[WHAT IS REQUIRED]
Output the full listing below exactly; the images stay out.

[COLLECTED MATERIAL]

◇ ◇ ◇ ◇

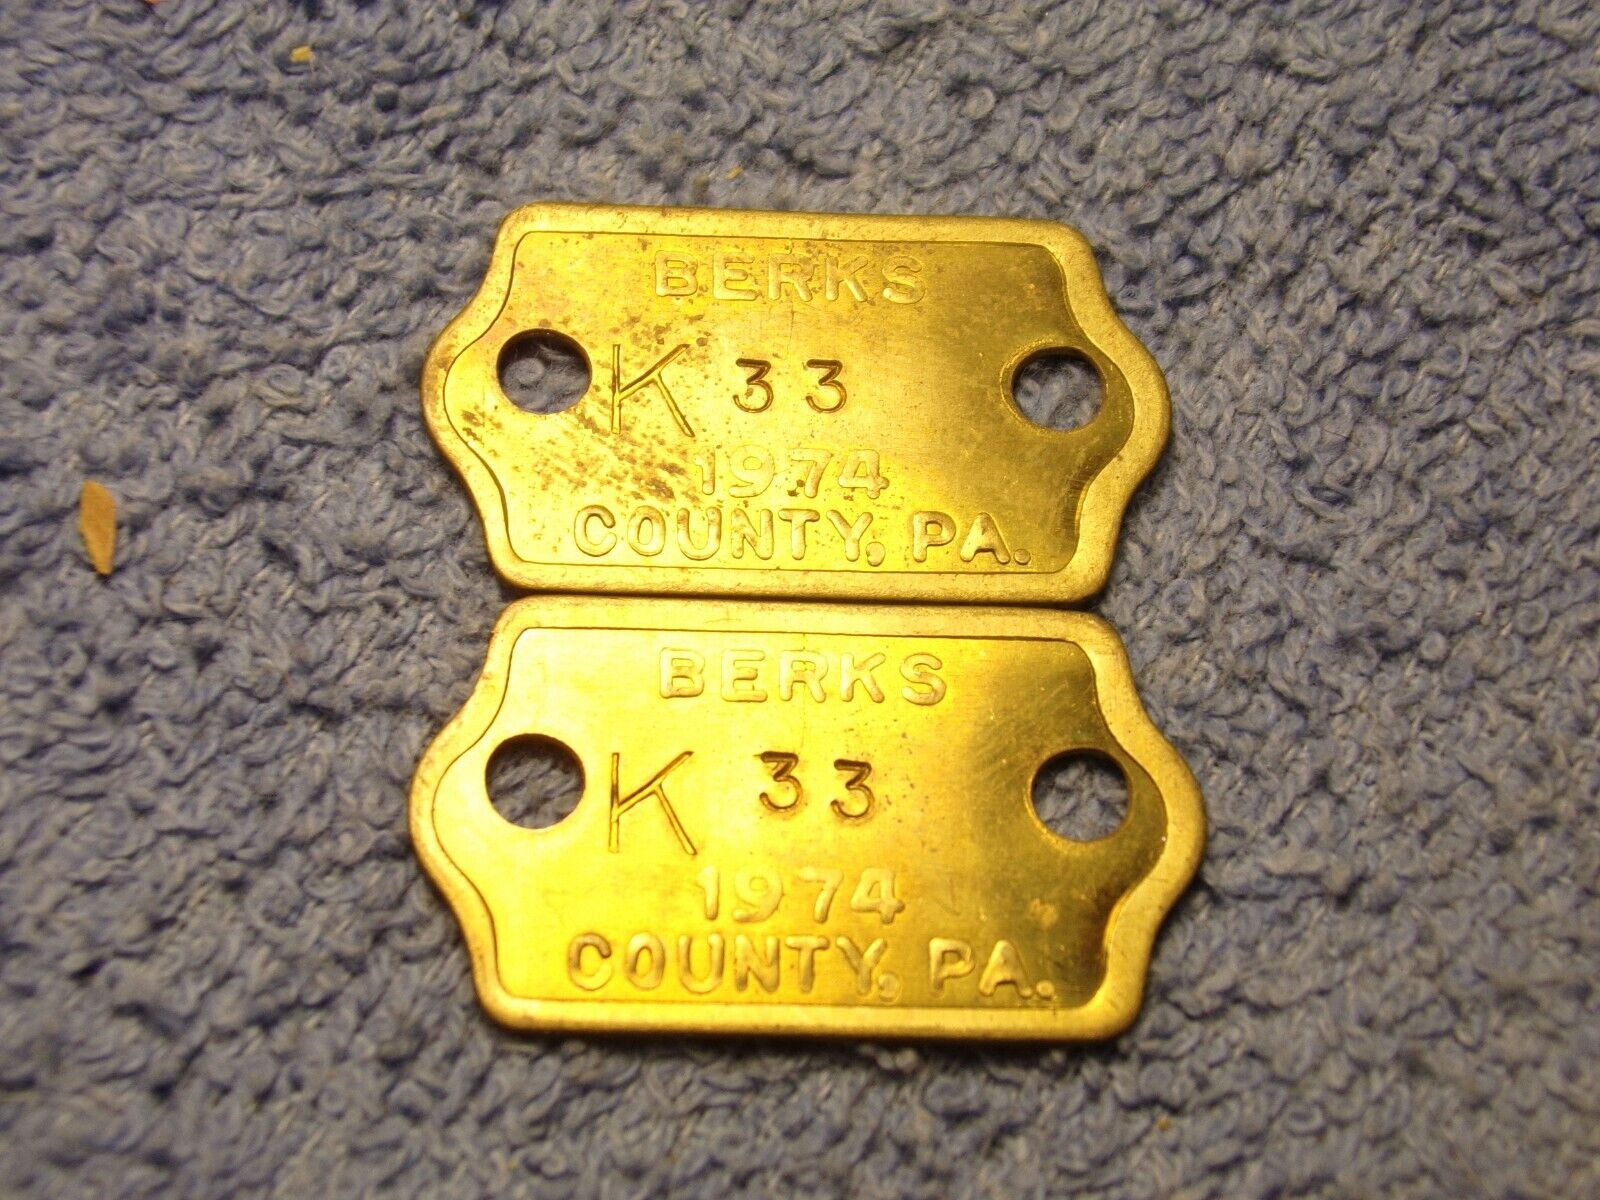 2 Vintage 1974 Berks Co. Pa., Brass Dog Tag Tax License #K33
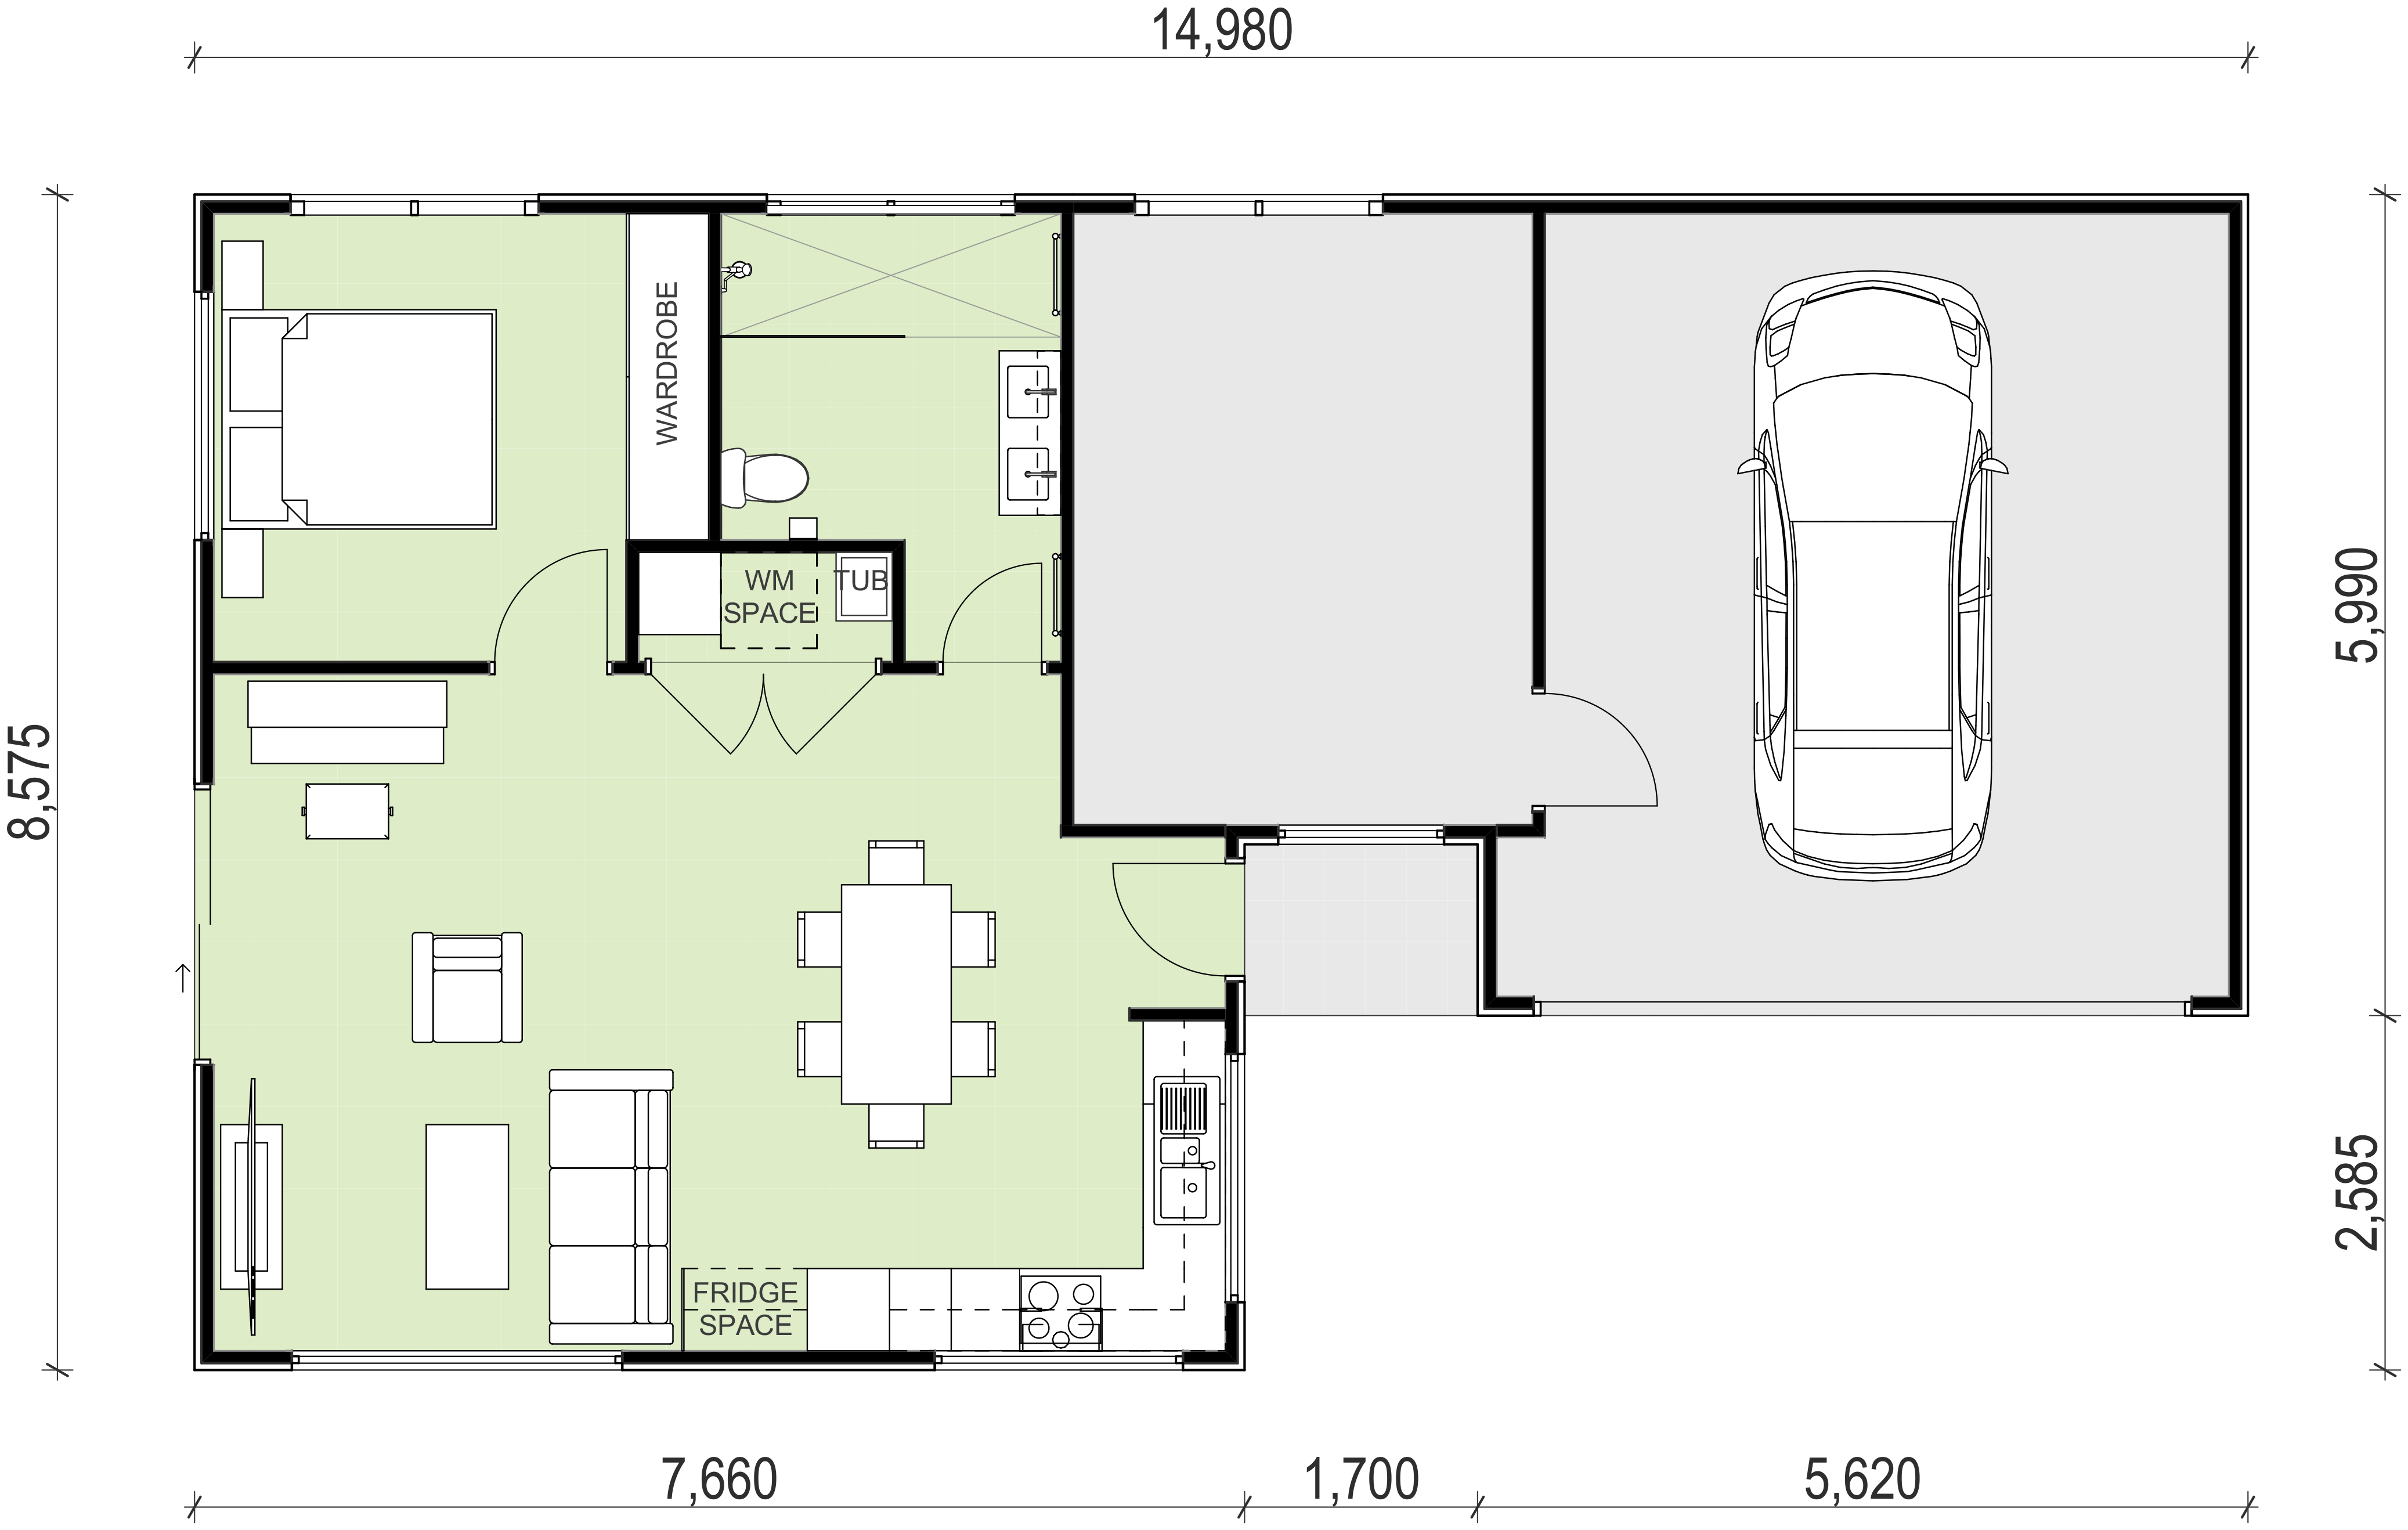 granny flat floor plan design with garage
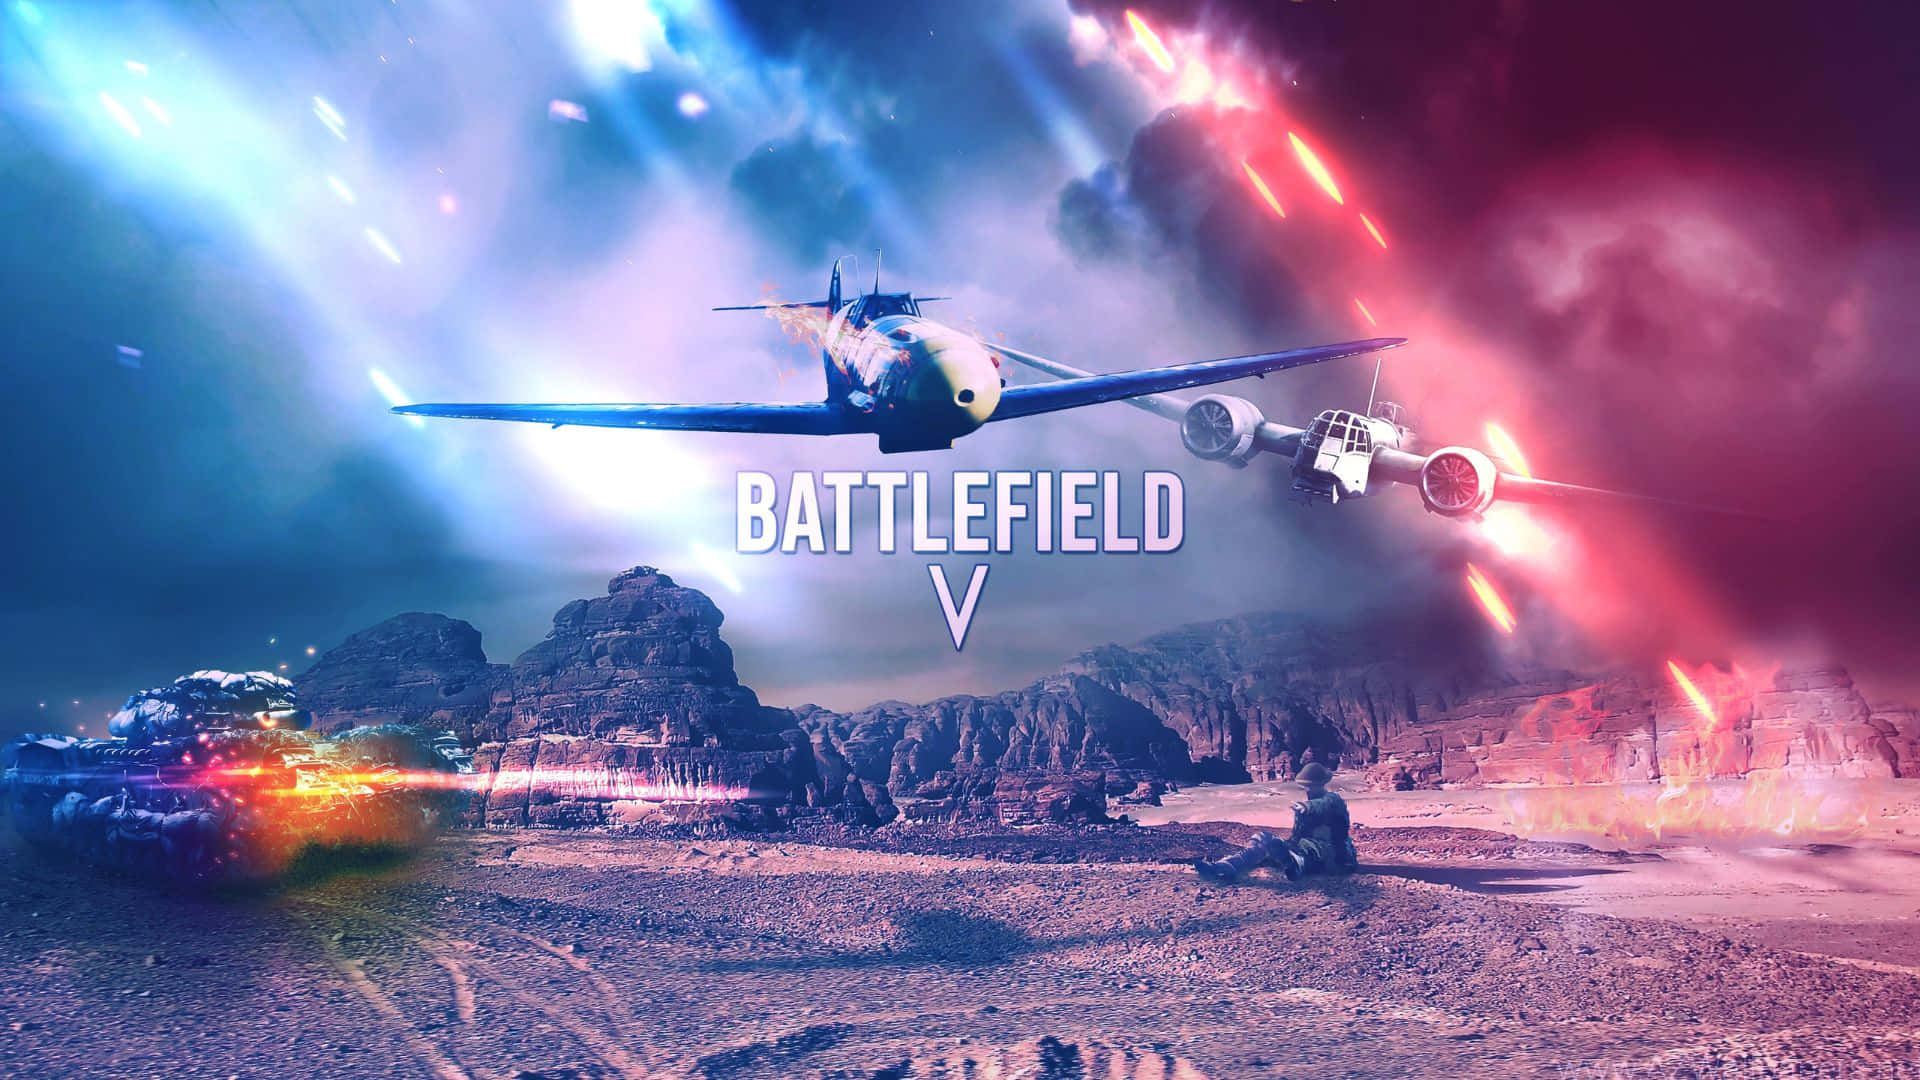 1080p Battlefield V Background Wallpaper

◇ ◇ ◇ ◇

[WRITTEN REPLY]
 2 Vintage 1974 Berks Co. Pa., Brass Dog Tag Tax License #K33
 granny flat floor plan design with garage
 1080p Battlefield V Background Wallpaper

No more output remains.